■ **Directions for this task**: Everything from the line containing "La turba, el" through the line containing "des blocs de" in the listing below should be copied exactly, and nothing more.

■ **Supplied material**:
____

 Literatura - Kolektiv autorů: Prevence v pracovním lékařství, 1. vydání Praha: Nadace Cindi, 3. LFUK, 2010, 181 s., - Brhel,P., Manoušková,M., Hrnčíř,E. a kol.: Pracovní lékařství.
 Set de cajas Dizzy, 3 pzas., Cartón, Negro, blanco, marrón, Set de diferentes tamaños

____

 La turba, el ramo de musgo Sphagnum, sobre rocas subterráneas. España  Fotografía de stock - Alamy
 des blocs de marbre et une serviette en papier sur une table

____

■ **Task answer**:
 La turba, el ramo de musgo Sphagnum, sobre rocas subterráneas. España  Fotografía de stock - Alamy
 des blocs de marbre et une serviette en papier sur une table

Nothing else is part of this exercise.